The New York Times’ James Barron licks his finger, sticks it up high and takes the city’s temperature:

This is hardly the existential Shakespearean question. But for the outgoing types in a certain niche of society, it does have a lot to do with one’s own identity — and how one acknowledges others.

Barron does not say what “the existential Shakespearean question” is (Is that a blank page I see before me?). But he does tell us:

The question is, to air-kiss or not to air-kiss?

Old Mr Anorak applauds the end of the air-kiss. Kissing is never right unless it is between two Glaswegians in a pit or a man and his lead beagle.

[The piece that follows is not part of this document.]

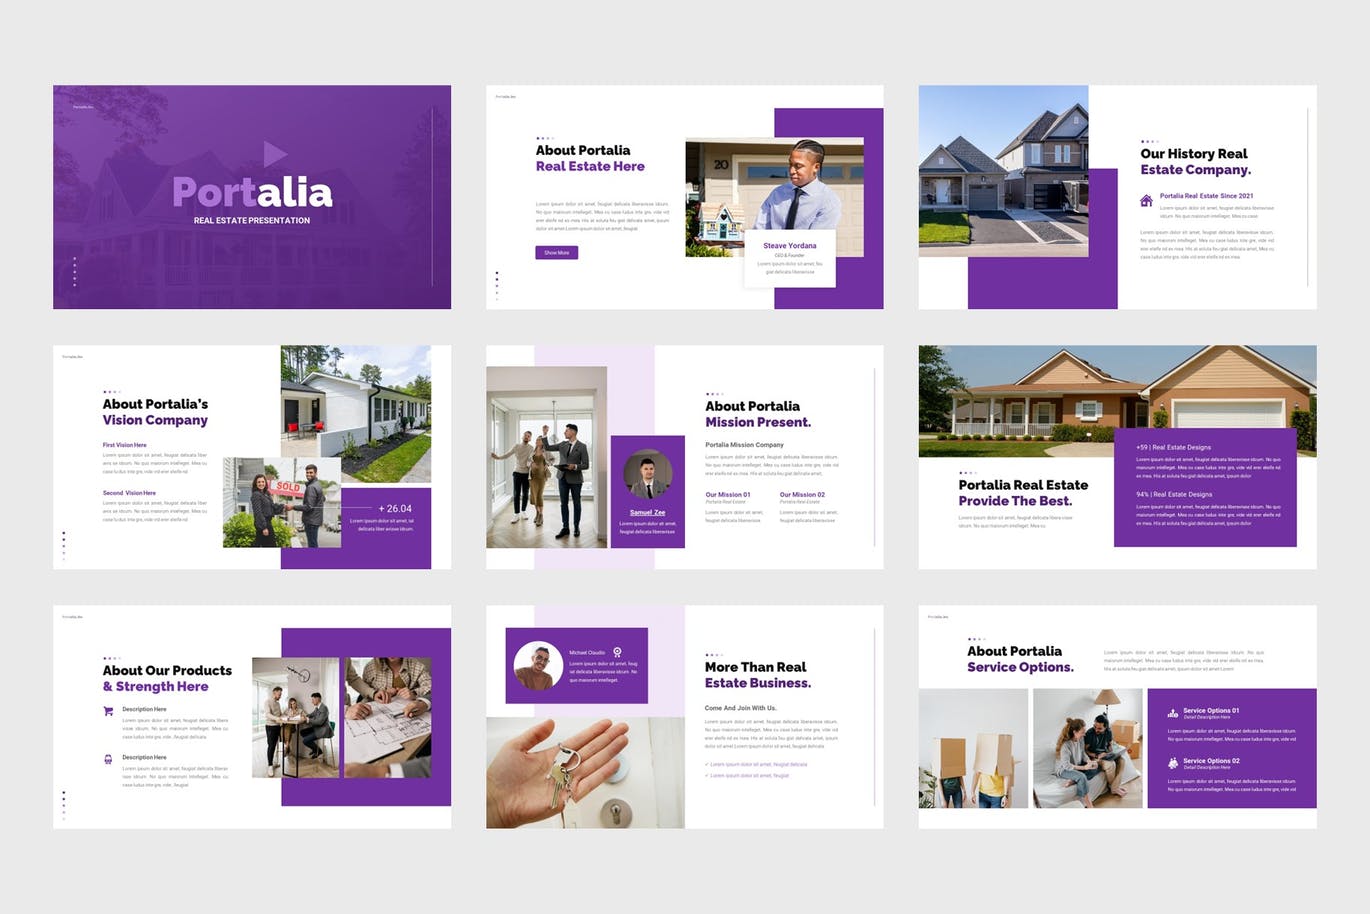 房地产业务Powerpoint模板下载 Portalia – Real Estate PowerPoint Template 幻灯图表 第4张

Some air-kissers out there are wondering if they should be less demonstrative, what with all the warnings from public health officials to wash hands frequently and avoid cheek-to-cheek maneuvers [sic] because of the swine flu outbreak.

This is precisely the kind of thing an air-kisser would worry about. But why kiss the air when it is laced with swine flu and carbon monoxide?

They worry that whomever they peck — or whoever pecks them — could transmit the virus. What to do?

Forget air kissing and go straight for the **** **b? James Barron seeks to find out:

Julian Niccolini, an owner of the Four Seasons restaurant on East 52nd Street, says: “Everybody was still kissing everybody.”

Which can lead to other diseases, but not swine flu, which is the one in vogue just now.

“If I was going to kiss you before the epidemic, I will kiss you now,” said Somers Farkas, a philanthropist.

And then Anorak’s Tabloid Bingo game erupts over New York:

Meryl Gordon, a writer, said she did not stock up on Cipro after the anthrax scare that followed the 9/11 attacks. Nor did she pack a knapsack with emergency supplies, as some officials suggested back then. But after a serious bout of flu a couple of years ago, she bought a box of face masks.

The Joker!

She said that on Thursday, she asked her husband if she should wear one on the subway, on the way to Lower Manhattan, where she is covering the criminal trial of Brooke Astor’s son for Vanity Fair magazine.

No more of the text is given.